14. Solution Walkthrough

See solution.py:

  • can_finish_kahns(N, prereqs) — BFS / Kahn’s. Returns bool.
  • can_finish_dfs_coloring(N, prereqs) — 3-color DFS. Returns bool.
  • find_order_kahns(N, prereqs) — LC 210 bonus. Returns the order or [].
  • find_cycle_dfs(N, prereqs) — Q5 follow-up. Returns the cycle as a list of node ids or None.
  • has_cycle_brute(N, prereqs) — O(N · (V+E)) baseline: run DFS from every node, track parent path. Used as the oracle in stress tests.
  • stress_test() — 1000 random graphs (both guaranteed-DAG and possibly-cyclic), all three implementations agree with brute baseline; find_order_kahns also verified to produce a valid order.
  • edge_cases() — empty prereqs, self-loop, two-node cycle, chain length 1000, diamond, disconnected with one cyclic component.

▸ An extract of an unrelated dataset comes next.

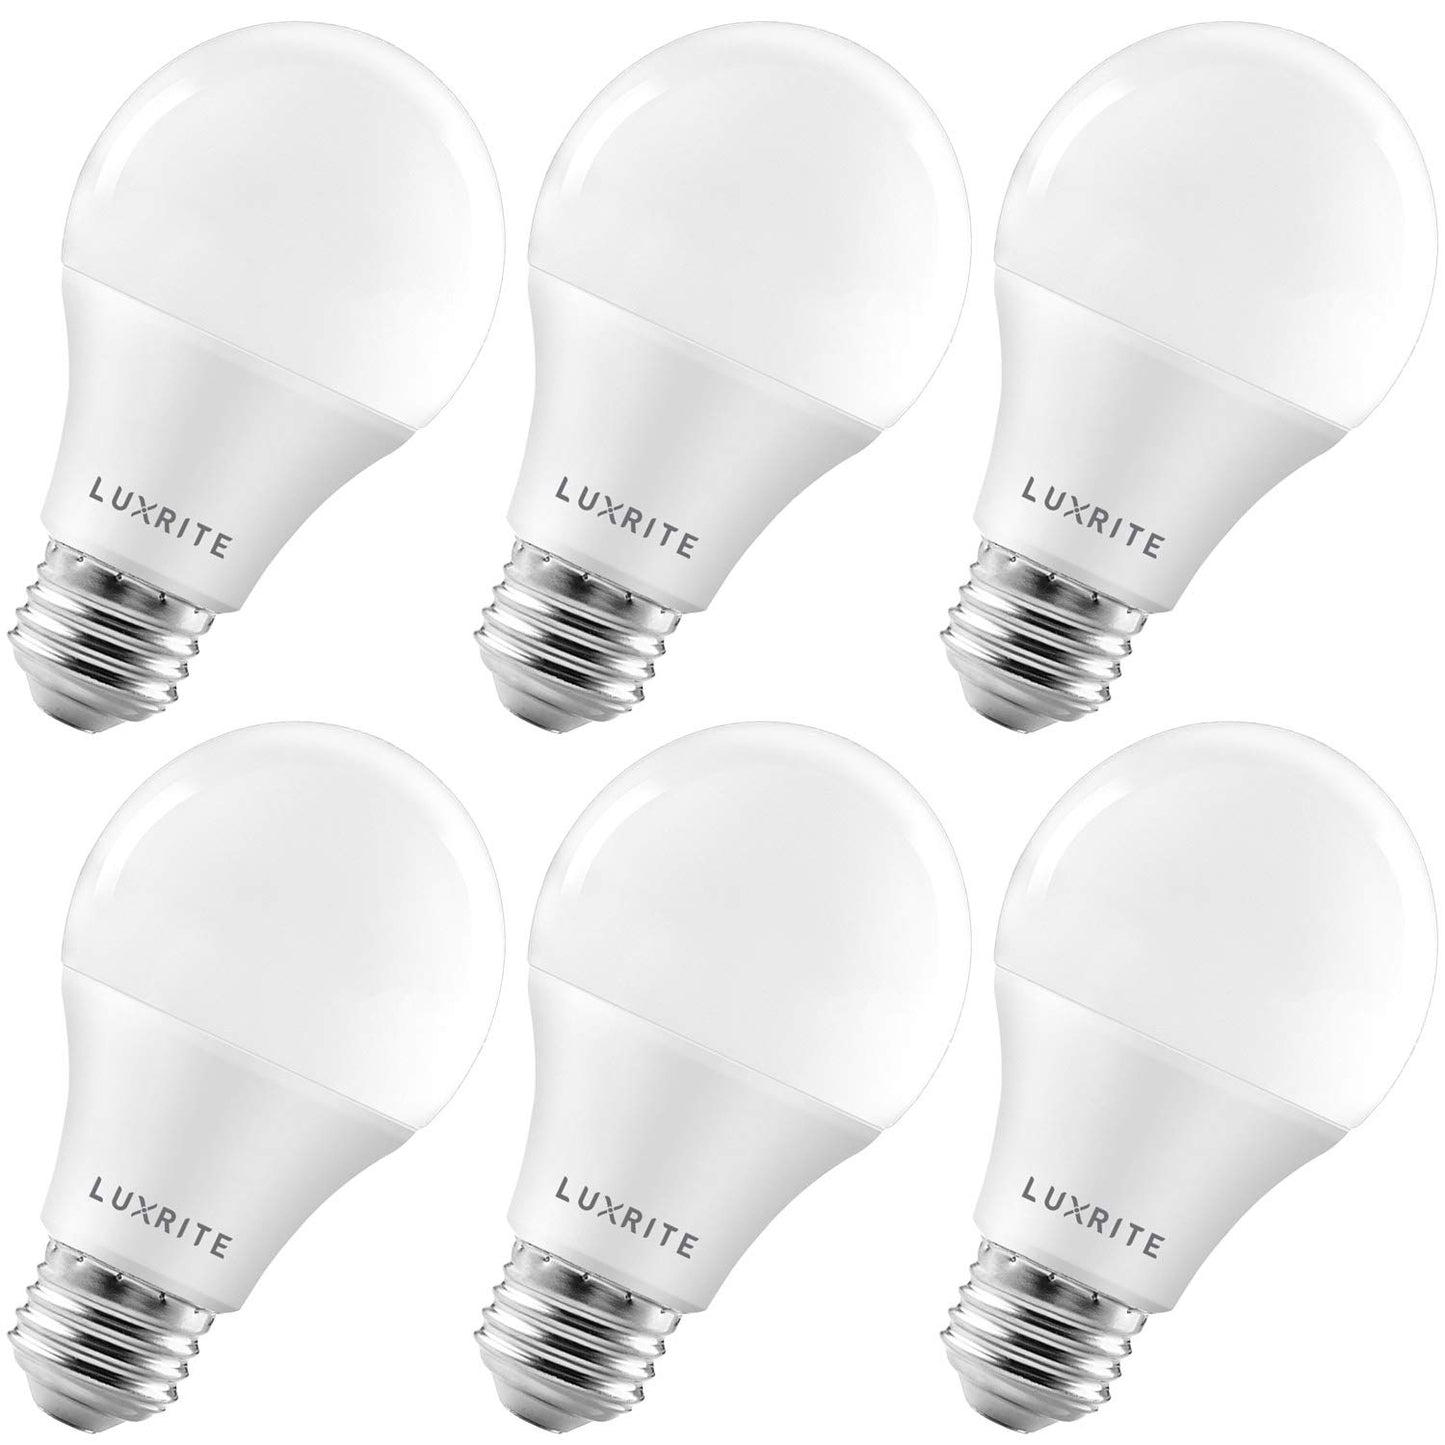 Luxrite LR21431 A19 LED Bulb 75W Equivalent, 1100 Lumens, 3000K Warm White, Dimmable Standard LED Light Bulb

Run: python3 solution.py → “ALL TESTS PASSED”.


15. Beyond the Problem

Principal-engineer code review comment:

“Two things. First: please log the cycle path when you detect one. return False is what LeetCode wants; what production needs is raise CycleError(cycle=[3, 7, 12, 3]) so the on-call engineer can read the dependency log at 3am and know which three services to break. Cycle reconstruction is 6 extra lines in the 3-color DFS — please do it. Second: if you’re about to ship Kahn’s, also export topological_order() — once we have the in-degree machinery built, refusing to return the order is just rude to the next caller.”

Connections forward:

  • p24 (Pacific Atlantic) — multi-source BFS, another canonical “inversion” pattern.
  • LC 210 (Course Schedule II), LC 269 (Alien Dictionary), LC 444 (Sequence Reconstruction) — all same algorithm.
  • LC 802 (Find Eventual Safe States) — 3-color DFS variant.
  • Production: every build system on Earth (make, ninja, Bazel, npm, pip, cargo, gradle), spreadsheet recalc engines, course catalog planners, dataflow schedulers (Airflow, Dagster, Prefect), database query planners (join order via topo sort over dependency graph of intermediate results).
  • Theoretical: topological sort is THE entry point to scheduling theory; from here, CPM (critical path method), PERT, and the entire field of project scheduling open up.